In the novel, meanwhile, goodness seems to exist only outside the structures of society. The law and its officers, the state and its workhouses, are as unfair and unkind as the outlaws Sikes and Fagin. The magistrate Fang, Mr Bumble the beadle or the workhouse madam Mrs Corney are state civil servants, but are as bent as the freelance criminals. The only way to justice is to bribe the Bow Street Runners, bribe Mrs Maylie's servants and kidnap Monks to make him confess his plots. Goodness must use criminal means to prosper, and in the London of Oliver Twist it is not possible to be happy, and good, and law-abiding. In this anarchic world Fagin must find his way, and the reader is left with the sense that life is a dreamlike Grand Guignol, in which states of degradation such as those inhabited by Sikes and Fagin flash alternately with states of perfect virtue chez Maylie or Brownlow.

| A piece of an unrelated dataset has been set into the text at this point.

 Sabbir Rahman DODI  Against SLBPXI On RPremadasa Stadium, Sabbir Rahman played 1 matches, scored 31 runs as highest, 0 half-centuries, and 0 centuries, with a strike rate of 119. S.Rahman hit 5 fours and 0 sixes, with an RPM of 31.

In both worlds, law and morality are separate.

Fagin is a character who in some senses overpowers the novel he appears in. He carries not only the narrative of the book both in its day-by-day momentum and, simply by knowing it, the complicated backstory but also the heart, the spirit, the flavour of Oliver Twist. Even while Dickens was meant to be taking a rest from writing it, he admitted: 'I have great difficulty keeping my hands off Fagin and the rest of them.' Not 'off Oliver', one can't help noticing or 'off Rose Maylie' . . . It can't have been hard to resist the idea of writing another scene with Mr Brownlow being kindly.

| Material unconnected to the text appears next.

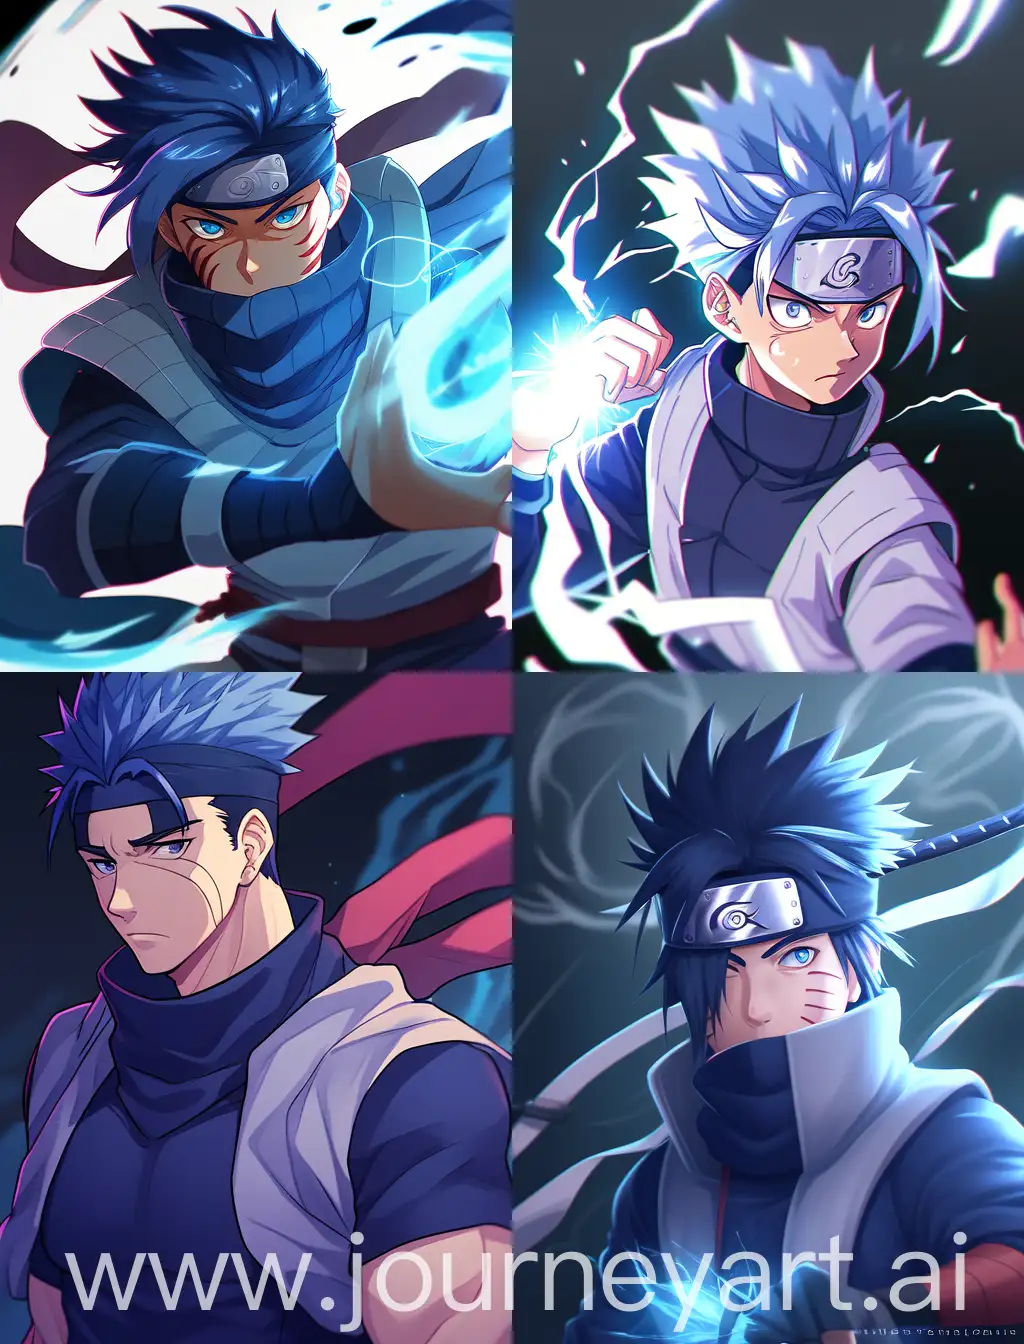 Blue-Haired-Jonin-from-Naruto-Niji-4-Artwork

Novelists tend to feel warm towards the characters that perform best for them in books; and Fagin is in this sense by far the most successful character in Oliver Twist. Dickens's own morality is not that of the Victorian church; in fact, the last sentence of the book makes a plea for Oliver's spurned mother, even though she was 'weak and erring' in having a love child. Because Dickens can be generous and flexible, it sometimes seems to us that the distancing effects he uses when dealing with Fagin are exaggerated. In the tale of an orphan lost in the criminal underworld it must have seemed important to Dickens the public man to keep the moral lines clear even if it was sometimes against his own novelistic judgement to do so. The harshness with which he feels obliged to deal with Fagin makes for an unhappy tension in the reader, and arguably shows Dickens's inexperience. In Our Mutual Friend, at the other end of his career, Eugene Wrayburn and Bradley Headstone are allowed to develop under the same passionate impulses, free of authorial manipulation, to the extent that either could turn 'villain' under his own steam.

Dickens seems to have had trouble when he came to terminate Fagin's story: 'The Jew is such an out and outer', he wrote, 'that I don't know what to make of him.' He therefore did what he always did when in a difficult corner: he summoned up an extra effort, he rose to the occasion and the results of it are in the remarkable chapter 'The Jew's Last Night Alive'. For the first time in the book, Dickens uses Fagin's point of view, as we witness the scene in court, the details of which Fagin, with hours to live, picks out with hallucinatory sharpness of detail. He sees a young man making a sketch of him; the point of his pencil breaks and he sharpens it with a knife. Fagin wonders if the likeness is any good. When he looks at the judge, he speculates how much his clothes cost, and how he put them on. These are among the last sights his eyes will see on earth. The guilty verdict is a popular one in court, and Fagin can only plead in mitigation that he is 'an old man'. What charge he is guilty of is not quite clear, and the critic John Sutherland has pointed out that none of his crimes carried the death sentence. But Dickens takes the law into his own hands, so when Fagin is taken down, his fellow convicts treat him not as a sad old fence, but as evil incarnate, rattling their bars as he passes, screeching and hissing at him.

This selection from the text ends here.